Using spheroid formation experiments, we found that there was a decrease in HGC27 and MGC803 spheroid formation (Figure 2A) after treatment with the combination of 5FU and loganetin. CD44 is the marker of GC stem cells. ²¹ When we measured the frequency of CD44⁺ GC cells after drug treatments, we found that rates of CD44⁺ GC cells in the control, 5FU, loganetin and combination groups for HGC27 cells were 1.68%, 10.62%, 5.87% and 1.63%, respectively, while rates in MGC803 cells were 4.47%, 12.96%, 8.52% and 0.03%, respectively (Figure 2B). This indicates that the 5FU treatment of GC cells can enrich the stem‐like cells, while the combination of 5FU and loganetin can inhibit this phenotype. Using RT‐qPCR to detect the expression of stemness‐related gene expression, we found that the combination of 5FU and loganetin significantly down‐regulated the stemness‐related genes OCT4, Nanog, Sox, Bmi1 and β‐catenin (Figure 2C,D). The results of Western blotting showed that the combination of 5FU and loganetin significantly down‐regulated Bmi1, CD133 and Lin28B proteins (Figure. 2E). Together, these findings indicate that the combination of 5FU and loganetin can inhibit the stem‐like properties of HGC27 and MGC803 cells in GC.

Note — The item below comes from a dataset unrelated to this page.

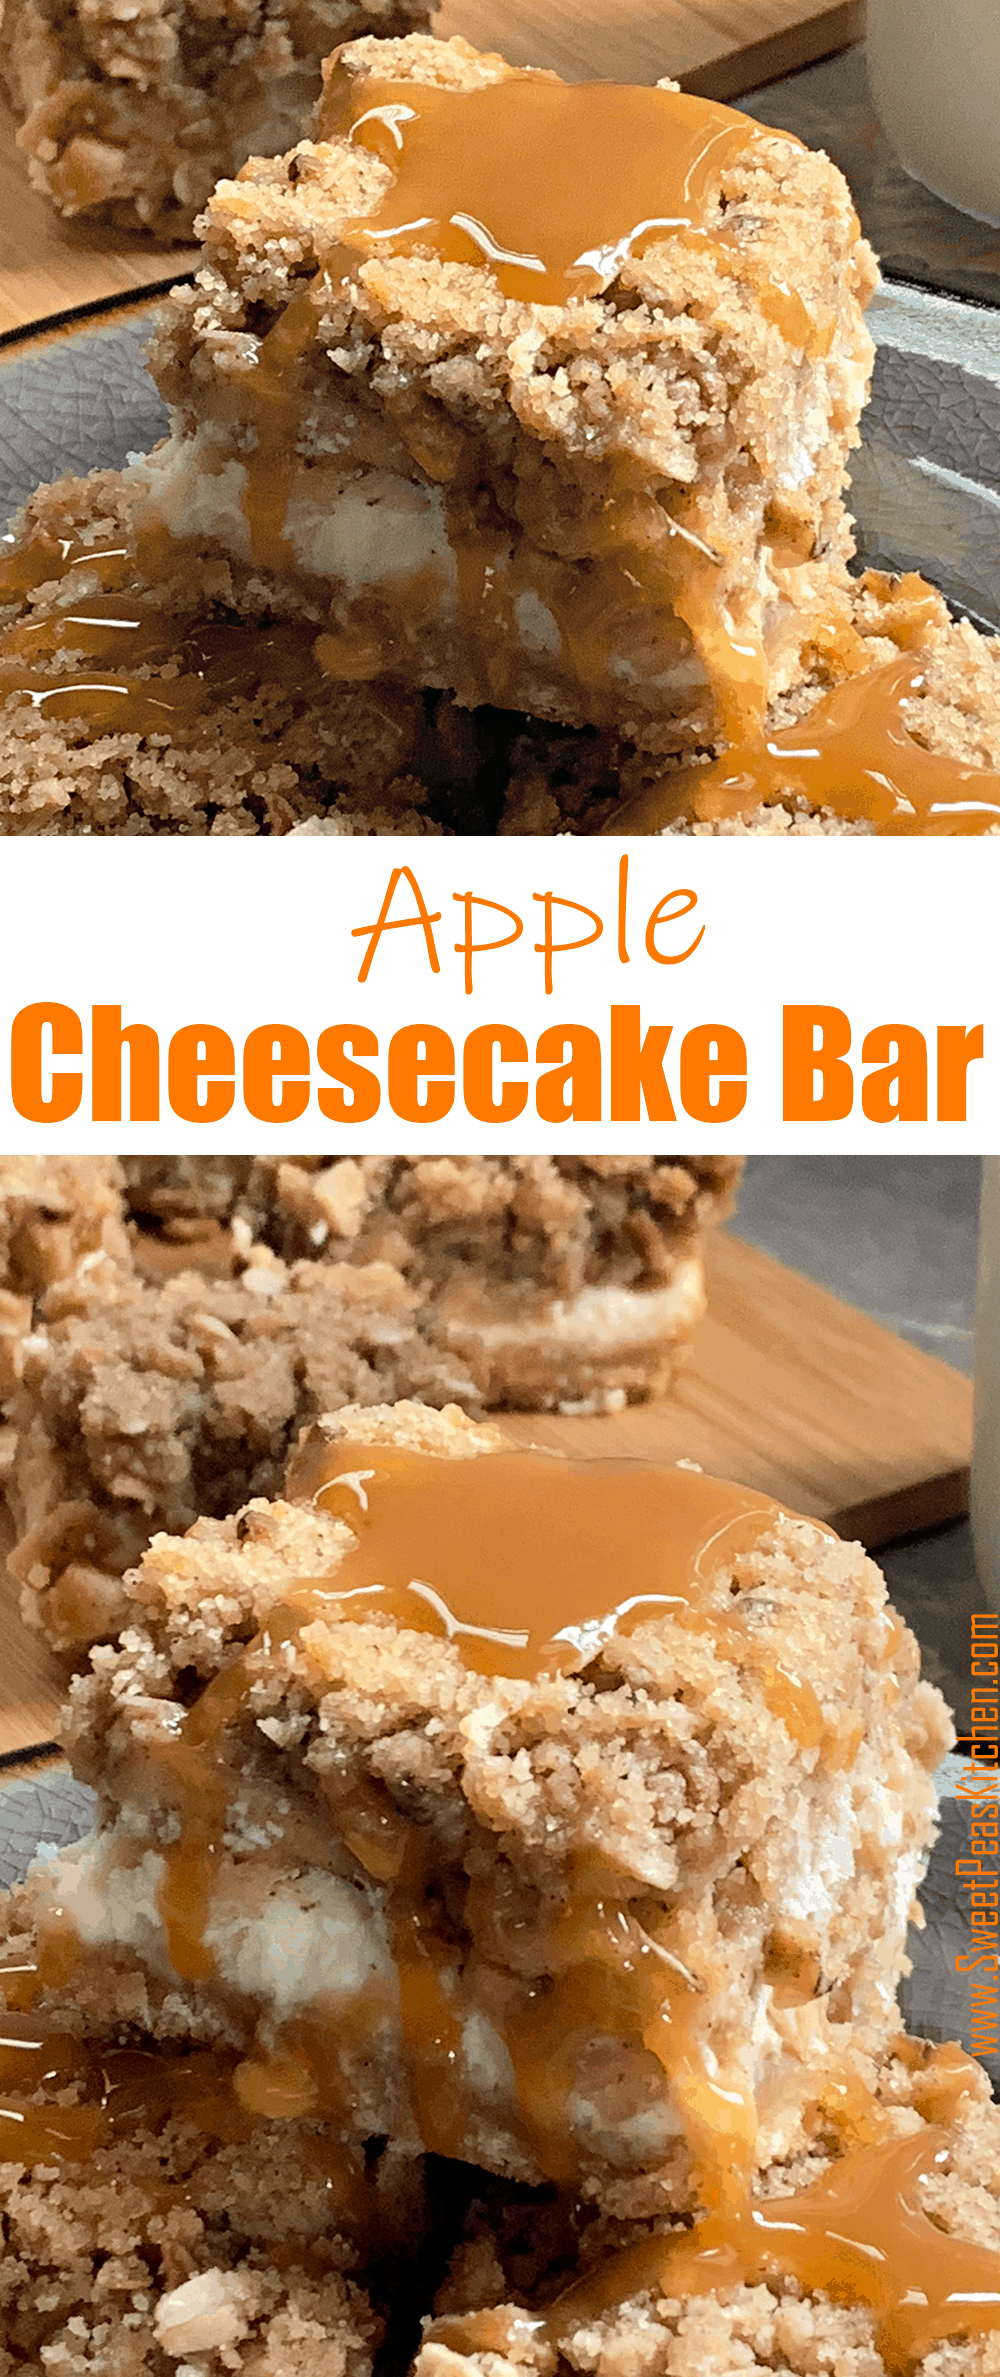 Apple Cheesecake Bar

Loganetin and 5FU together affect the stemness of HGC27 and MGC803 cells. (A) A tumorsphere formation assay revealed that the combination of 5FU (3.33 μM/ 2.5 μM) and loganetin (70 μM) reduced tumorsphere number and size for both HGC27 and MGC803 cells relative to 5FU treatment alone on day 14. (B) HGC27 and MGC803 cells were exposed to 5FU (3.33 μM/ 2.5 μM), loganetin (70 μM), or both for 24h. After which, flow cytometry revealed fewer CD44+ cells in the combination‐treated group relative to the 5FU treatment group. qPCR (C and D) and Western blotting (E) showed that the combination of 5FU (3.33 μM/ 2.5 μM) and loganetin (70 μM) inhibited stemness‐related genes in HGC27 and MGC803 cells with stem‐like properties. All statistical results were repeated for three times. * P<0.05; ** P<0.01; *** P<0.001

3.3. Synergetic effects of loganetin and 5FU on the invasion and migration of HGC27 and MGC803 cells

In a wound healing experiment, we found that MGC803 cells in the control group exhibited rapid migration within 24 hours after wounding, filling in half of the scratch area. The mobility of the 3.3 μmol/L 5FU groups at 24 hours after wounding was almost the same as that of the control group, while the wound healing of the 70 μmol/L loganetin group and the combination group was significantly reduced (Figure 3A). HGC27 cells in the control group migrated rapidly 24 hours after wounding, and half of the scratch area was filled. However, the wound healing of cells treated with 2.5 μmol/L 5FU or 70 μmol/L loganetin at 24 hours was partially reduced, while that of the combination group was more obvious (Figure 3B). Transwell assays were then carried out to analyse the invasive capabilities of HGC27 and MGC803 cells treated with these agents, revealing that the combination of 5FU and loganetin significantly decreased the invasiveness of HGC27 and MGC803 cells (Figure 3C).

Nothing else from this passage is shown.